Wall Street and American politicians have been and remain “mistaken” about most financial matters, matters that are crucial to your personal security and liberty.
Maybe Wall Street analysts were just mistaken when they urged Americans to buy shares in companies (without sales) at $200.00 per share that now trade at $1.00 per share. Maybe their failure to inform you that – while telling you to “BUY” these companies shares, they were helping insiders unload (on you) billions of dollars of insiders shares. Maybe that was just a mistake or oversight. Maybe when Washington economists (and Wall Street concurred) promised Americans Trillions of dollars in surpluses. They promised us that these surpluses would provide for the elderly, minorities, rebuild our declining infra-structure and remedy third world hunger. Maybe they were just mistaken.
Don’t you remember the certainty in the voices of Clinton and every other politician, when they assured Americans that their projections of future surpluses were as real as real could be?
The politicians in DC select the same large CPA firms (men of the same culture, ethics and integrity) to balance our nations books as do the directors of large public corporations. The United States federal government spends nearly $2 Trillion dollars a year. I don’t ever recall reading about any CPA firm or any individual CPA, hired by the feds, criticize, or call into question the policies, procedures, expenditures or the soundness of the balance sheets of any federal department or agency. When “whistle blowers” speak, careers end.

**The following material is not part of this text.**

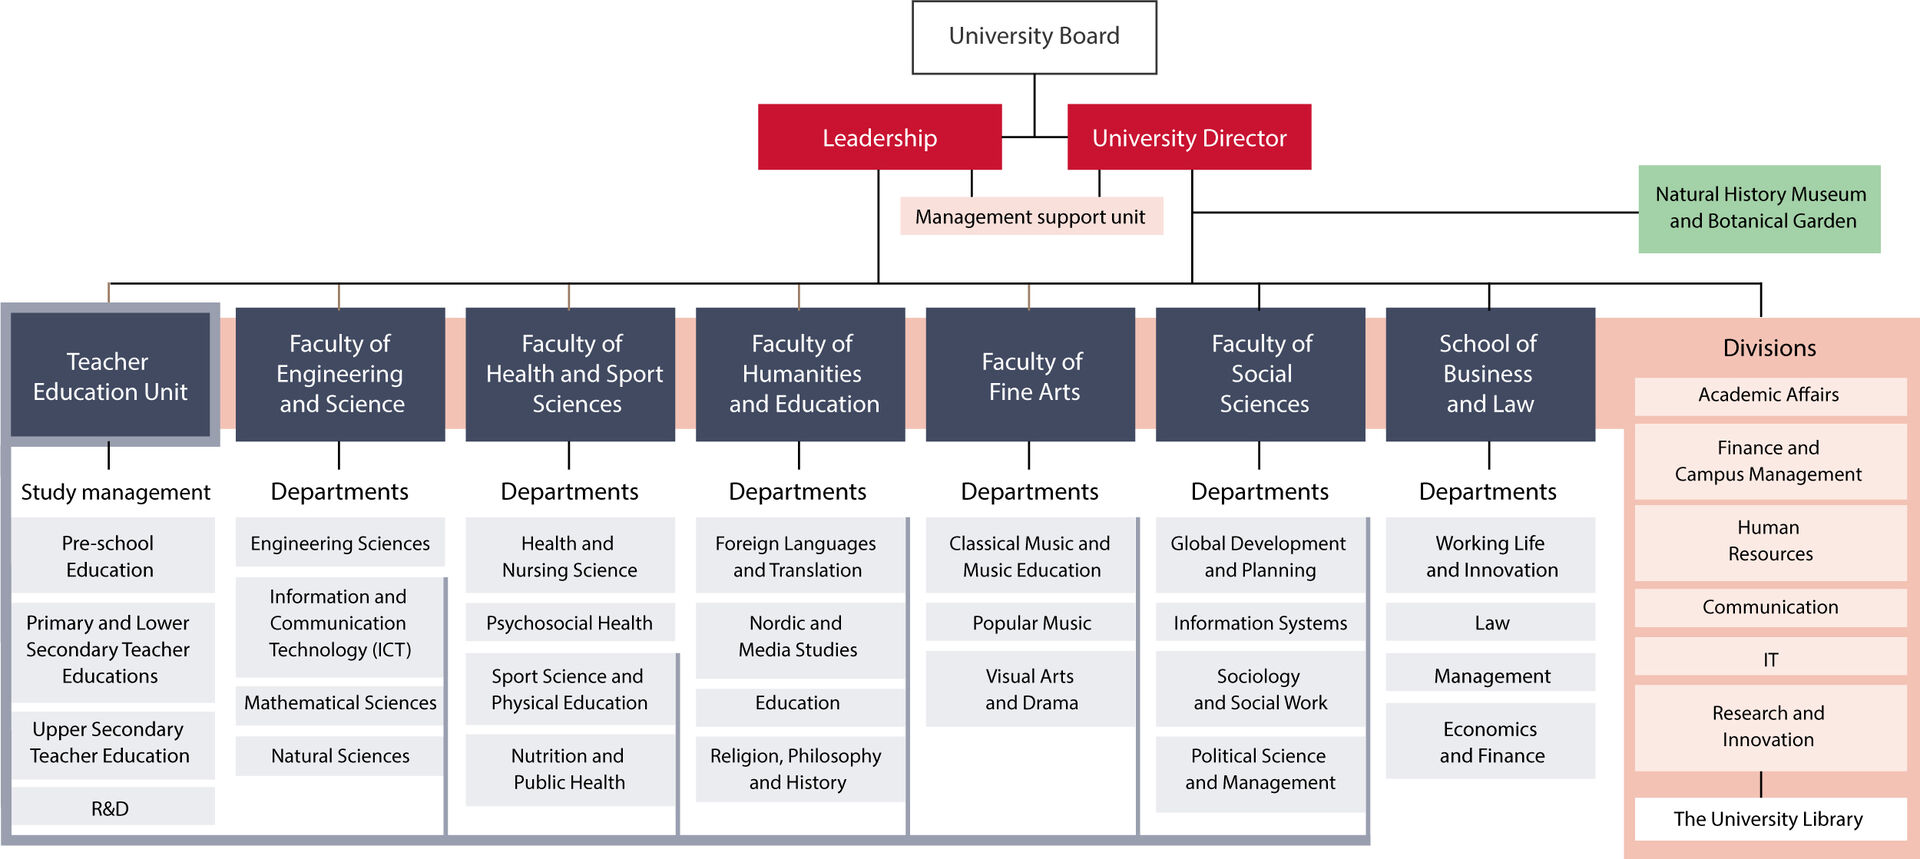 Illustration of organisational map for the University of Agder

The elected officials that we voted to govern us either: 1) don’t know the extent of America’s solvency problems, 2) won’t tell you for fear that voters can’t “handle the truth” about the weakened competitive position, or 3) won’t discuss the matter because such discussions of this sort radically discourage the dumb-vote. The simple truth is they are doing very well right now. When does it “pay” to rock the boat”? What voters want to hear about the economic challenges America faces? Will that talk get the minority votes, the teacher’s union vote, or the environmentalists vote? The only people in America for whom economic competitiveness and fiscal prudence is a top priority are the large tax-payers (small businessmen, the villainized minority who make the country work and pay the taxes) and geeks who read balance sheets and income statements all day, who are not affiliated with institutions on the take.
How many congressmen, senators and their directors and the department heads of the many dozens of multi-billion dollar federal agencies, would swear in writing that their books are balanced and without corruption? The managers and the accountants who watched Enron, et al, commit fraud are the same types who are “on-duty” at our nation’s government agencies.
With the promise that “all will be well”, politicians will take your votes and their fat pensions. They pay no price for the loss of economic freedoms that future generations have sustained as a result of the debts these politicians burdened our children with.
Wall Street will take your investment capital. They pay no price for your lost (stolen) savings.
How can we measure of future costs of losing our political and economic freedoms as foreigners buy and control an ever increasing percentage of the total US outstanding indebtedness? Where are the prudent voices, where are the patriots?
Today, the talk is:
Do you know what 2nd mortgage rates and margin rates are down to?
Have you seen how much real estate has risen in the past 7 years?
“Why worry”, they say.
Your Money
Who looks over the financial statements of the banks and insurance companies that you depend upon? Do you “know” if the balance sheets of the institutions that you have invested are prudently prepared?
Maybe Wall Street and Washington politicians just make a lot of mistakes.
Maybe they are just really good salesmen.